« Previous Entry |
Back to Blissful Knowledge
| Next Entry »
March 12, 2004
EEK! THERE'S A MALL IN MY TAX CODE!
Check out an unsurprisingly good piece from Malcolm Gladwell in the New Yorker about the development of the bete noire of good urbanites everywhere - shopping malls.
It's a wide-ranging piece, but the most interesting element is Gladwell's focus on the tax code as the unsung hero or villain of the spread of malls: apparently the accelerated depreciation schedule put into the code in the 1950s made it efficient to overbuild malls. Everything old is new again, as similar incentives in the Reagan tax cuts of the 1980s contributed to overbuilding of office towers.
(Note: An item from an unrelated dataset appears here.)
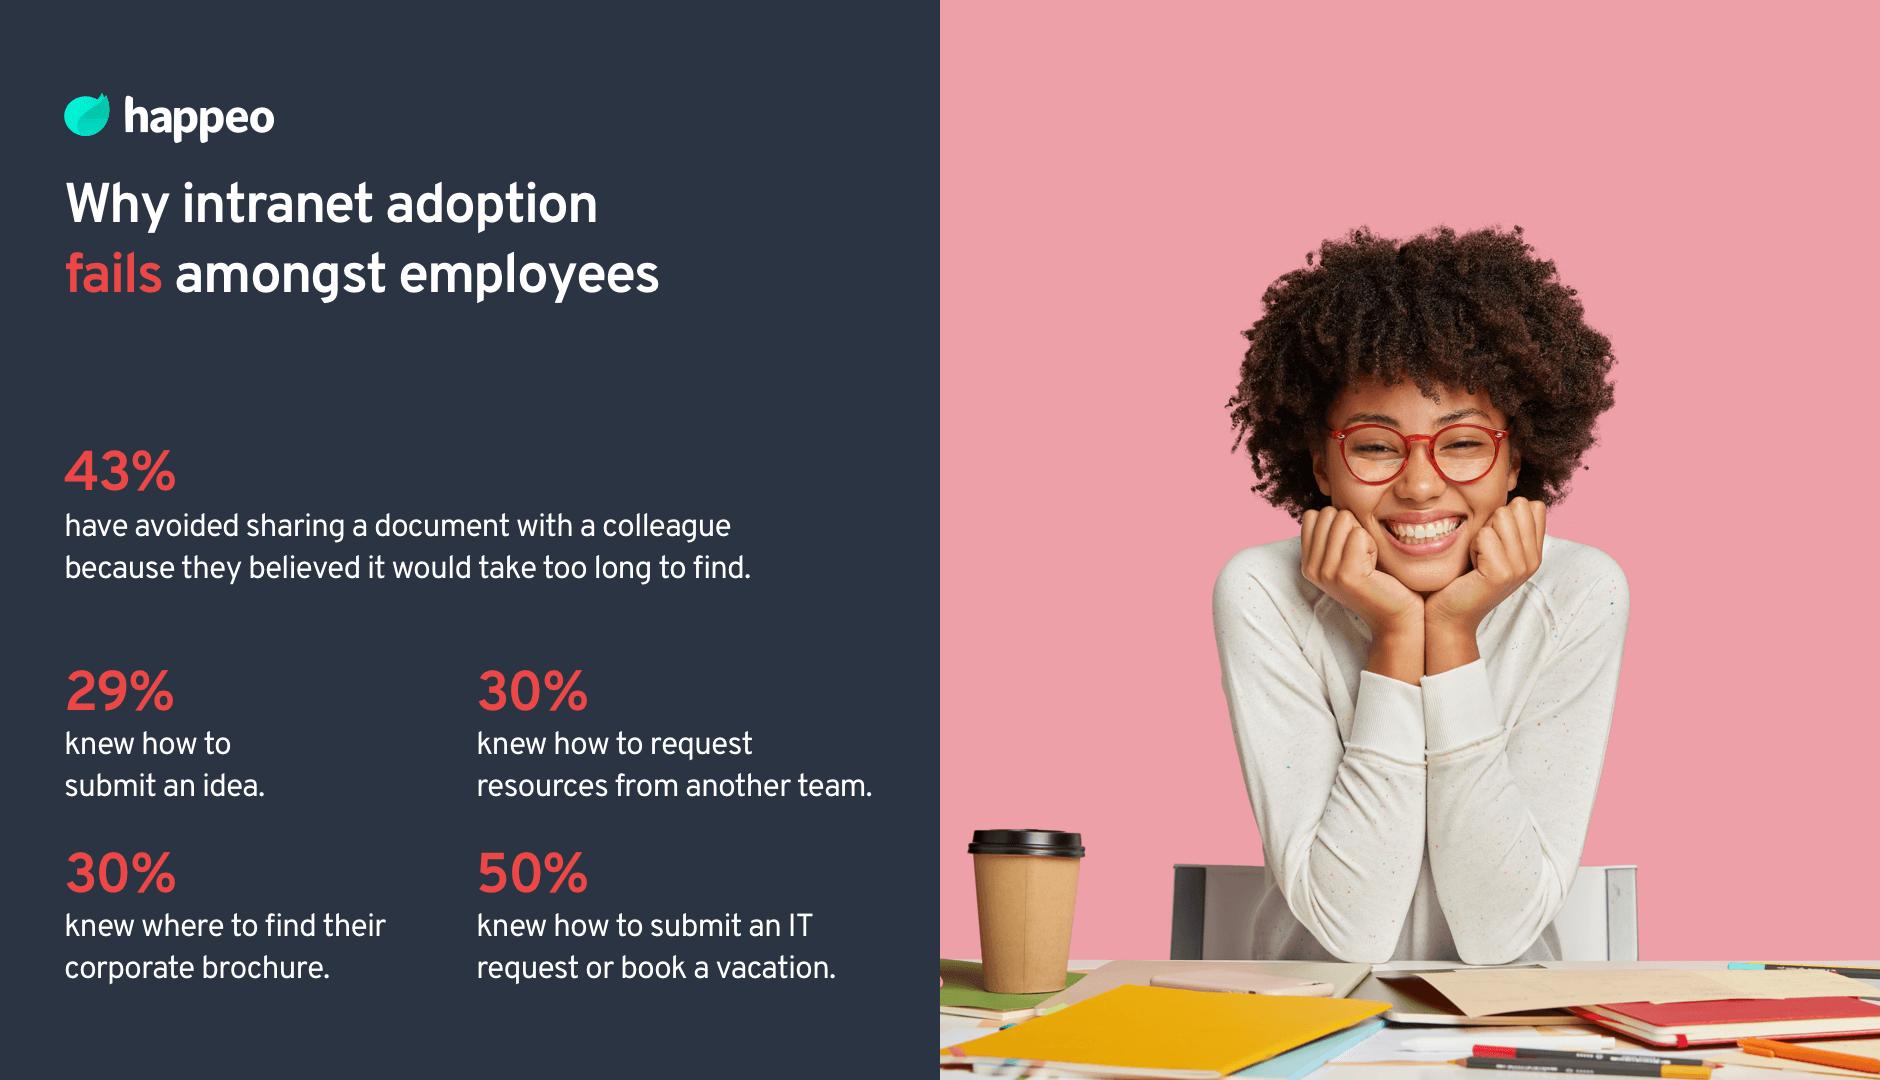 Why intranet adoption fails

The story is further evidence of how small changes in, or features of, the tax code have monumental impact. Pick your favorite example: the role of the mortgage deduction in inflating the price of housing (and while I haven't seen any studies of the issue, it wouldn't shock me if the Clinton doubling of the amount of tax-free gain from the sale of a home has played a role in the housing bubble we may be facing), the quirk that exempts the donor of appreciated property from capital gains taxes, or the historical accident of exempting employers' health-insurance premiums that has helped produce (probably more than anything else) the wonderful state of health care in this country. The first example is probably the mos timportant, as it illustrates both the distortions of such tax-code changes and the diffculty of getting such quirks out once they've been absorbed into the economy (let's have a show of hands for who wants to destroy the real estate sector!). If there's a moral to the story, it's "don't go down that road." But it's a little late for that advice, so the second-best advice is probably to go to the drugstore at your friendly neighborhood mall and buy some aspirin.